*REQUIREMENT:* Give back the whole listing verbatim, printing none of its pictures.

*SUPPLIED DATA:*

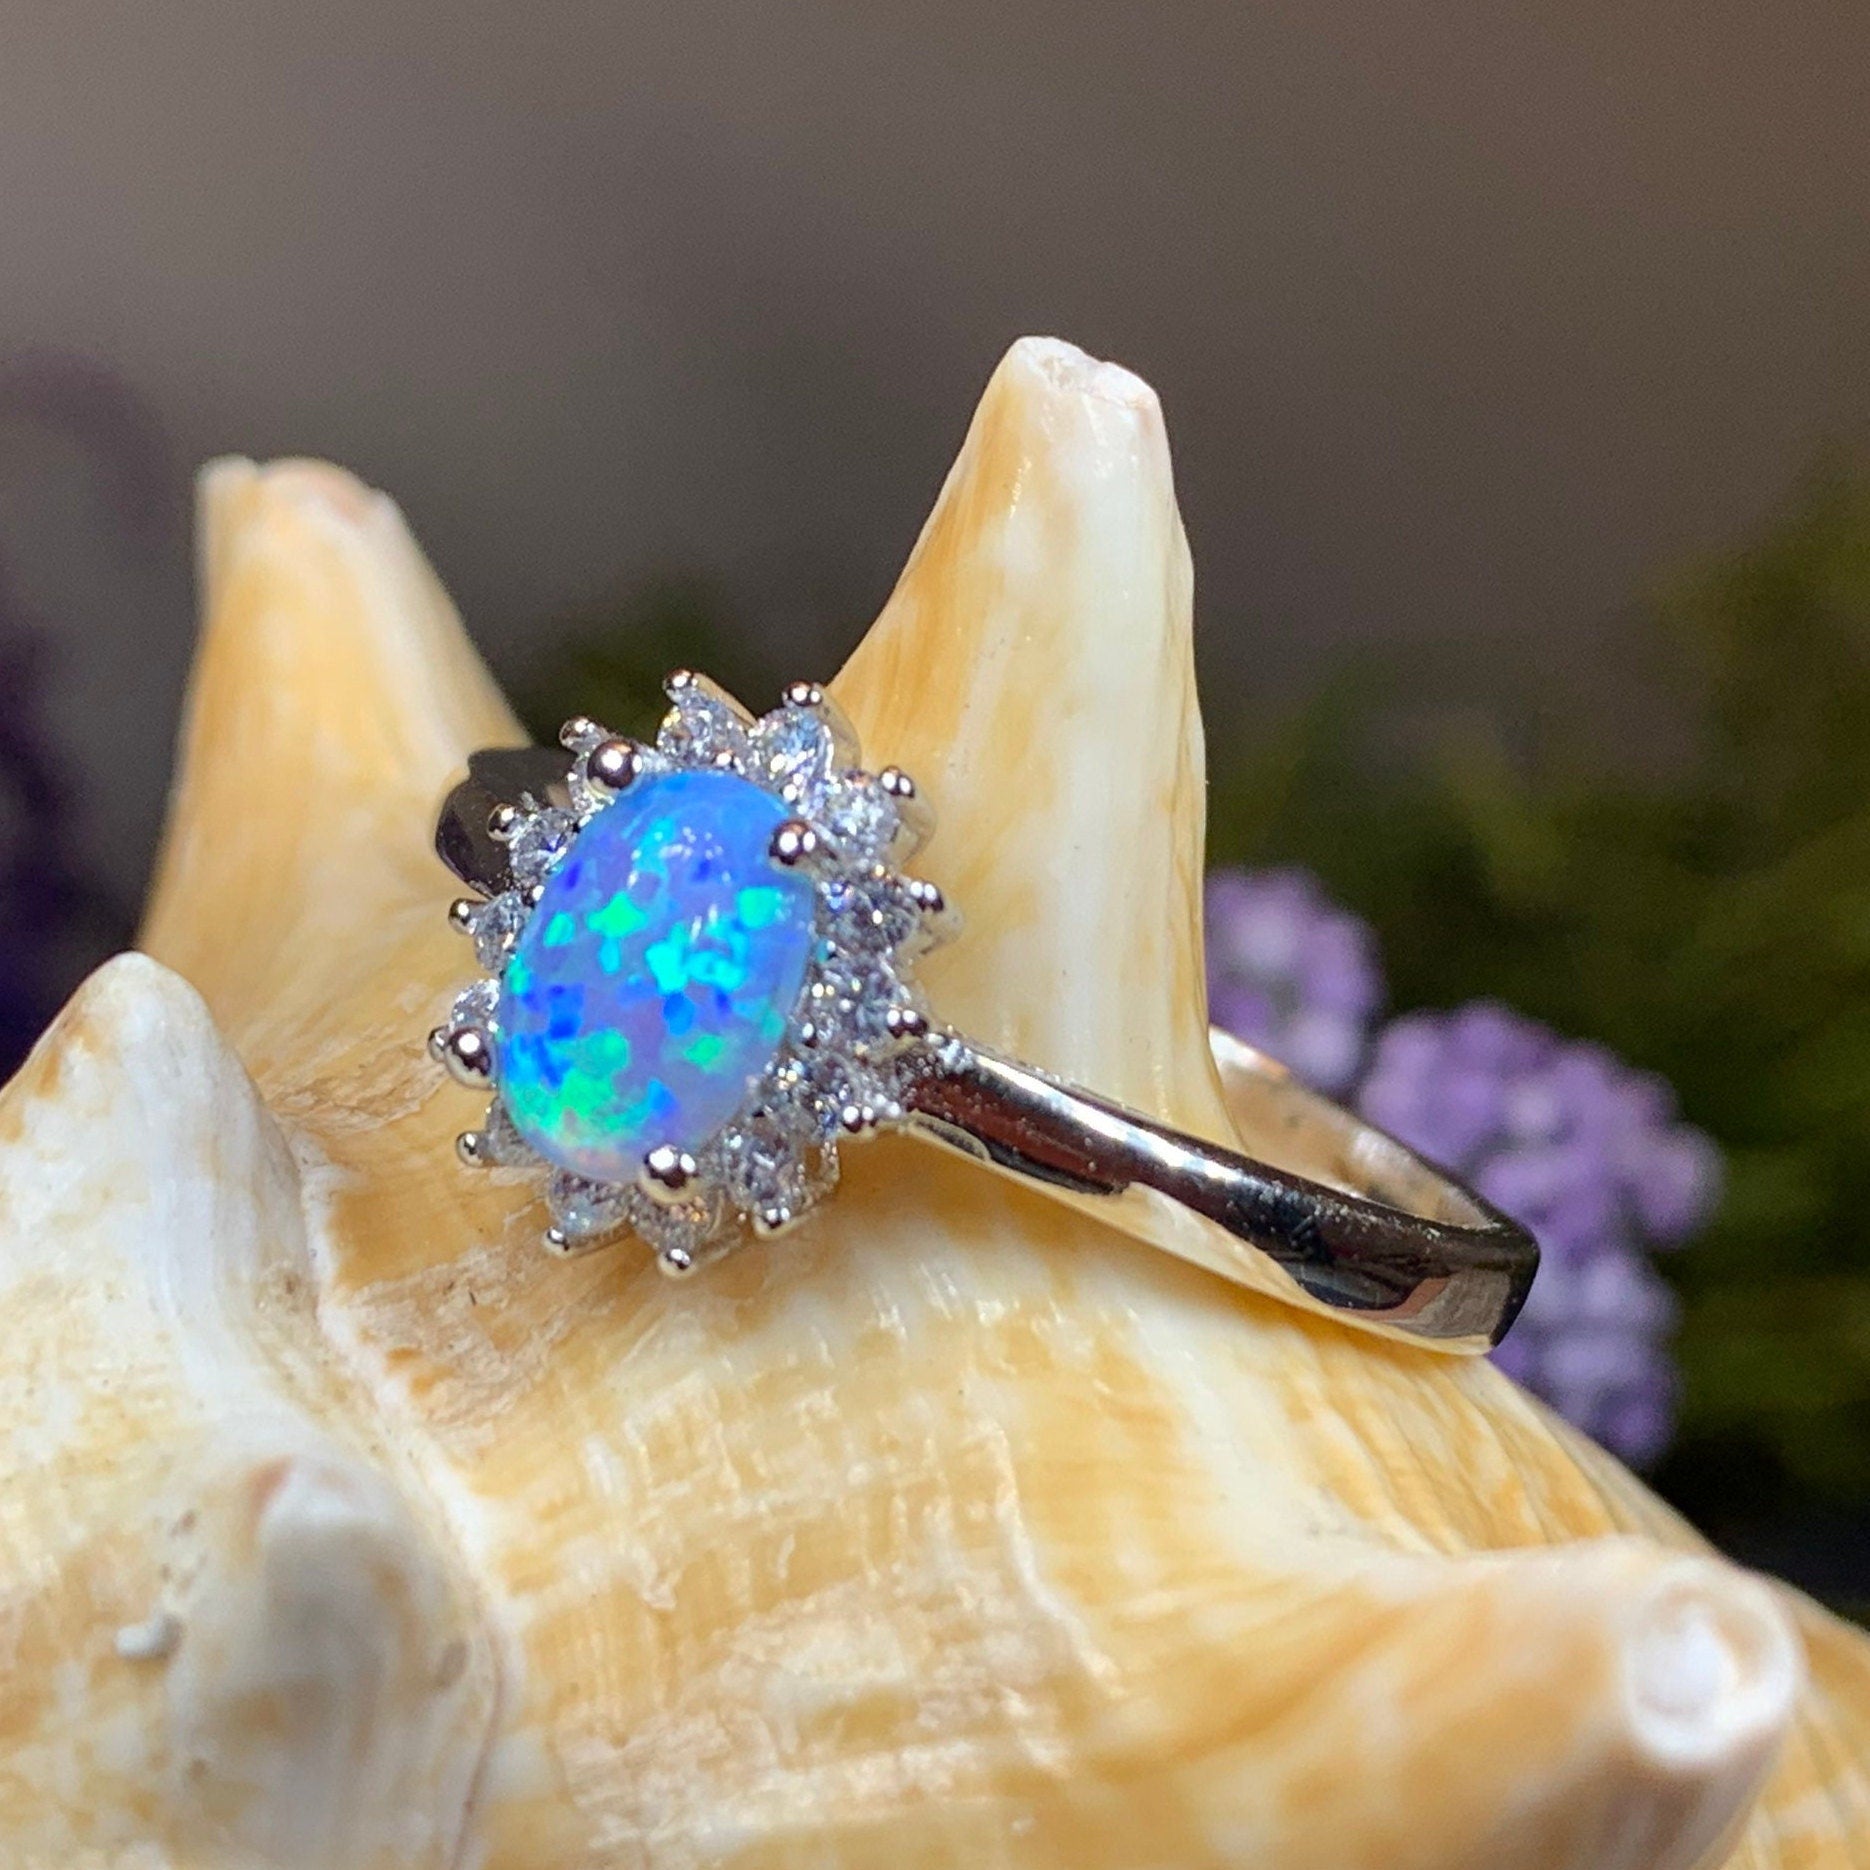 blue fire opal meaning
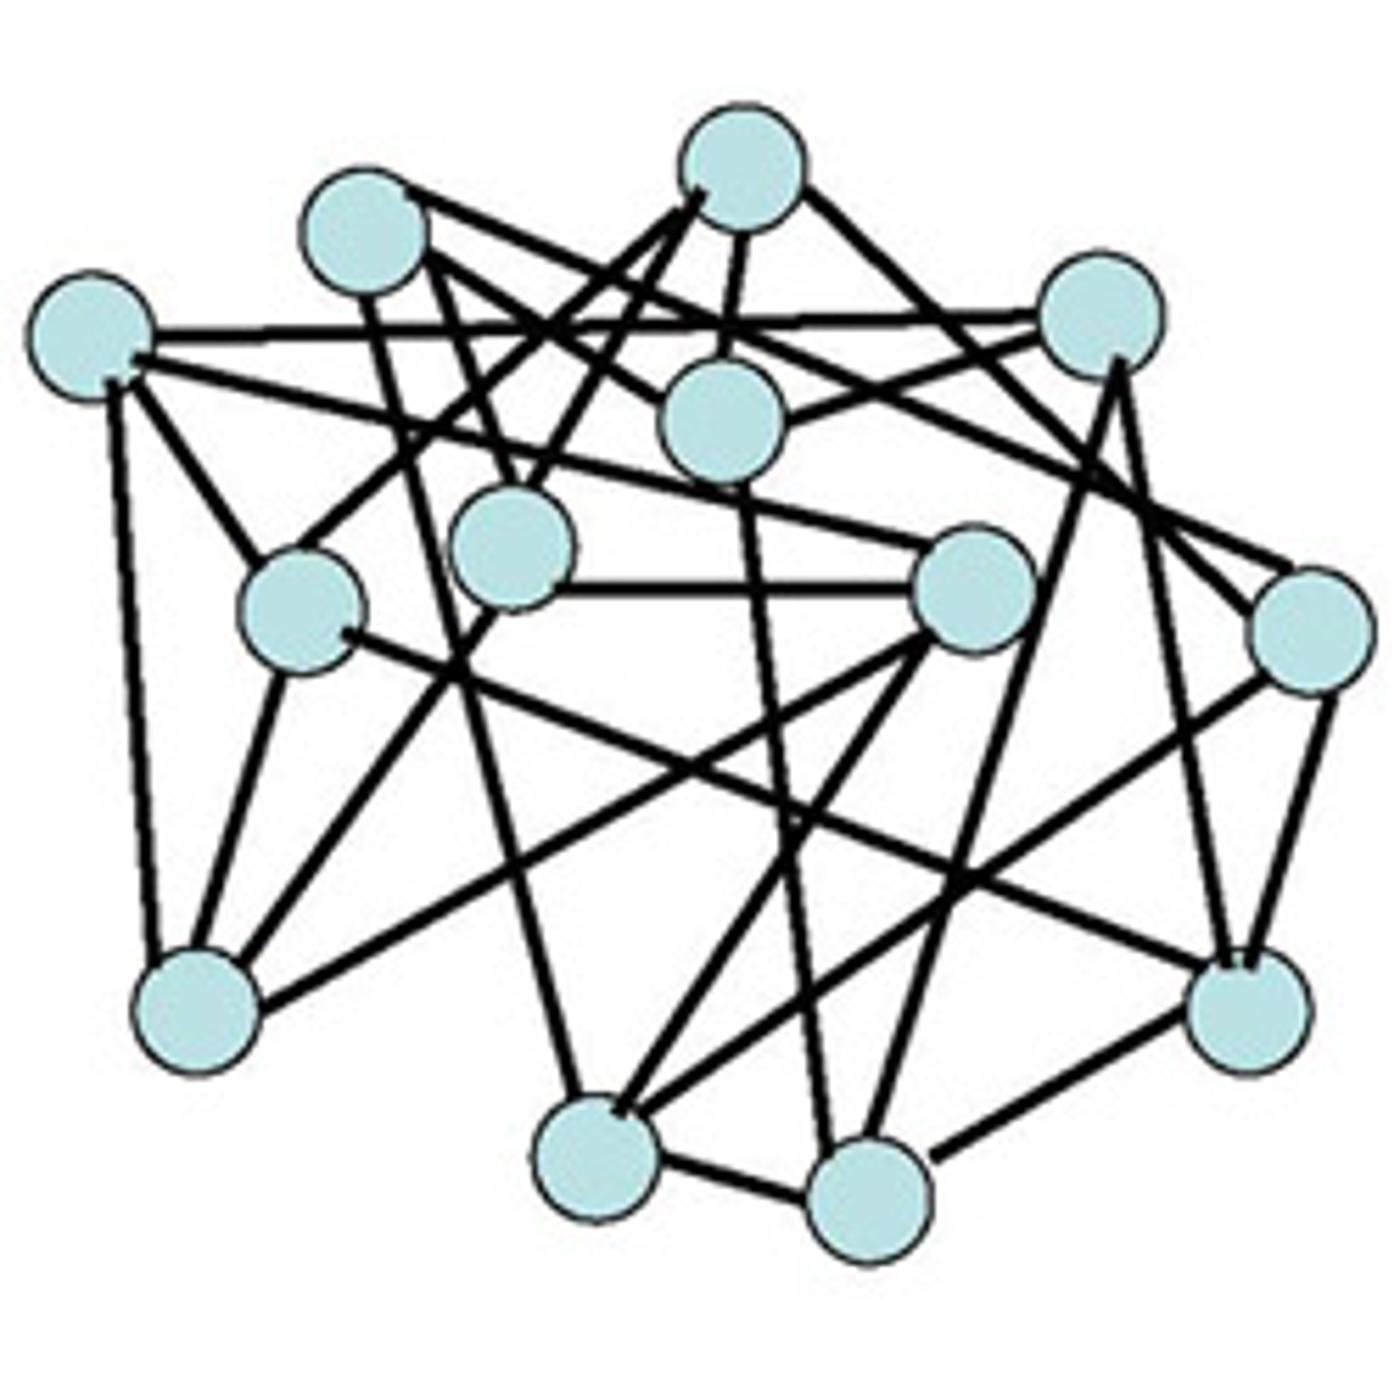 Edge-reinforced random walk on a two-dimensional graph
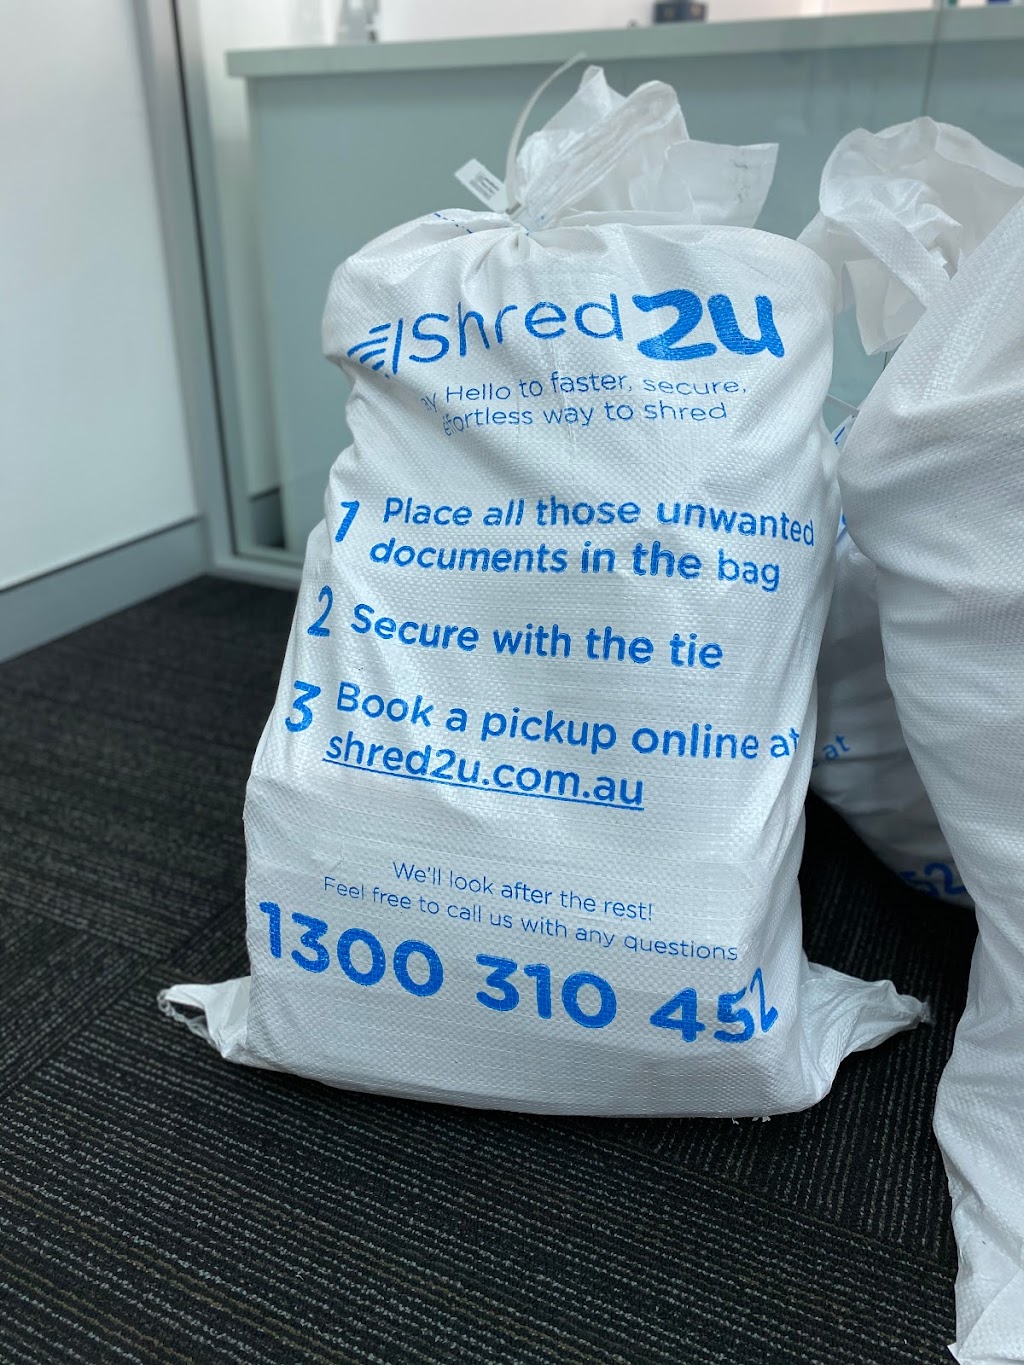 Shred2u | Level 4, Suite 4.11, 55 Miller St, Pyrmont NSW 2009, Australia | Phone: 1300 310 452

*TASK RESULT:*
 blue fire opal meaning
 Edge-reinforced random walk on a two-dimensional graph
 Shred2u | Level 4, Suite 4.11, 55 Miller St, Pyrmont NSW 2009, Australia | Phone: 1300 310 452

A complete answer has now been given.